Uninhabited since the 1930s, when the last of its community was evacuated following a tragedy at sea, the island retains the outlines of a human presence stretching back far beyond living memory. Among those traces is a recorded enclosure, the sort of roughly circular or sub-rectangular boundary that can indicate anything from an early medieval settlement to a monastic enclave or a simple agricultural compound. Without more detail it is impossible to say precisely what this one represents, but its existence on an island this remote gives it an particular weight.

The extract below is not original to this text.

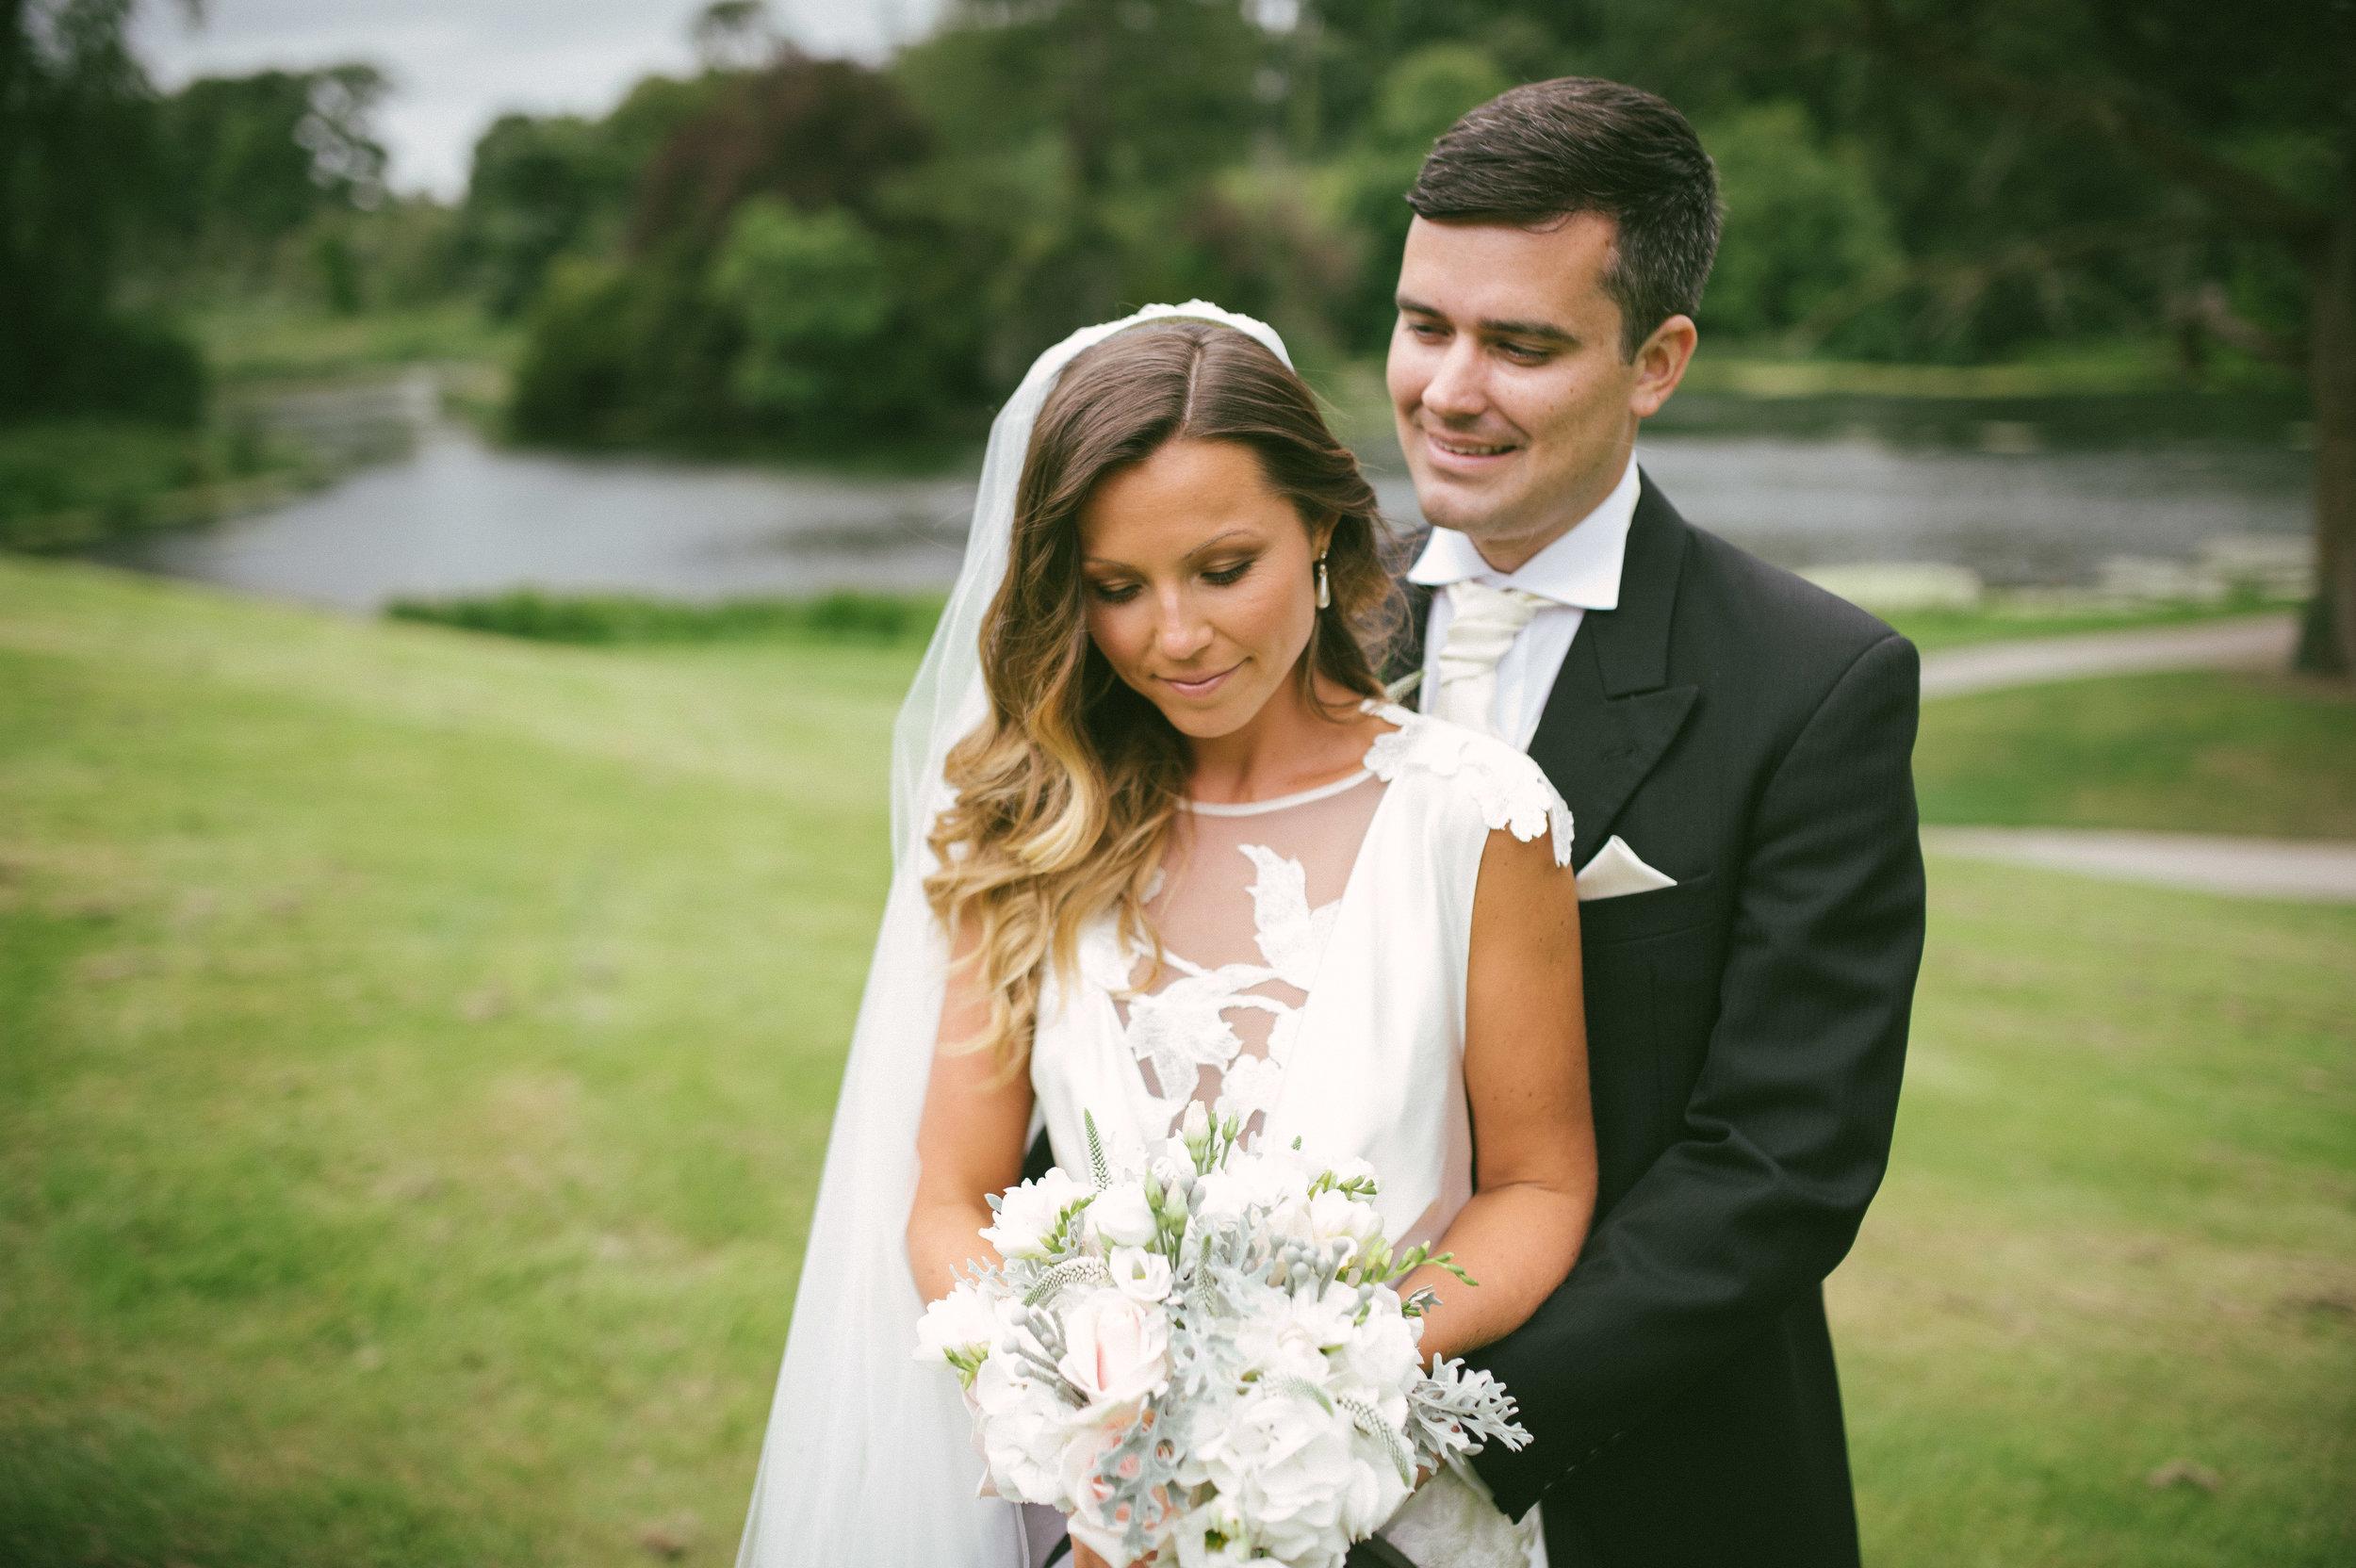 wedding-photography-carton-house-martina-california-456.jpg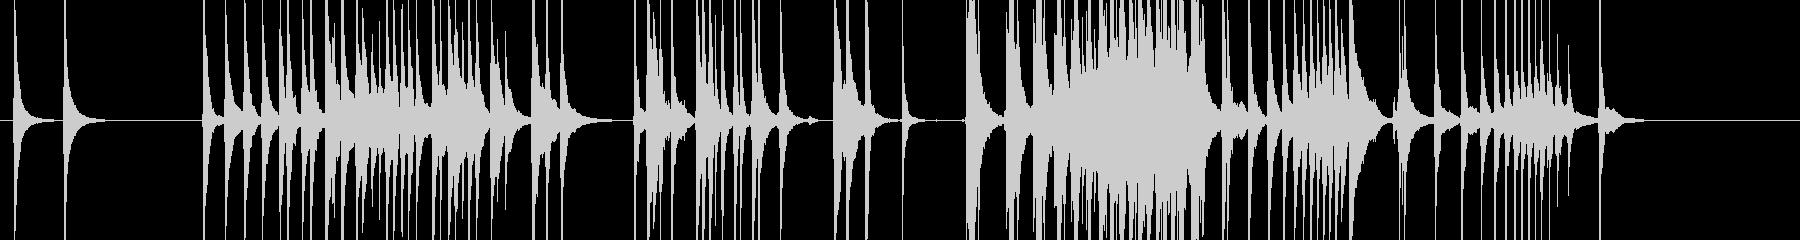 三味線110連獅子3虎豹歌舞伎生音和風親の未再生の波形

Enclosures of this kind are a common feature of the Irish archaeological landscape, and their interpretation usually depends on what survives within or alongside them: hut sites, souterrains (underground passages associated with early medieval habitation), ecclesiastical fragments, or field systems. The Inishkea islands were home to early Christian communities, and archaeological work carried out in the twentieth century uncovered evidence of early monastic activity on Inis Gé Thuaidh, the northern island. Whether the enclosure on Inis Gé Theas connects to that same current of settlement, or belongs to a different period entirely, remains an open question. The island's isolation has protected much of what survives above ground, but it has also meant that detailed investigation has been limited.

Access to Inis Gé Theas is by boat from the Belmullet peninsula, typically from the pier at Blacksod or Fallmore, and is entirely dependent on weather and sea conditions. The crossing is not long in distance, but the Atlantic approach to north-west Mayo can be unpredictable, and local knowledge is essential. The island has no permanent facilities. Visitors who do make it ashore find a landscape of low vegetation, abandoned cottage walls, and the particular stillness of a place that was once thoroughly inhabited and is now entirely not.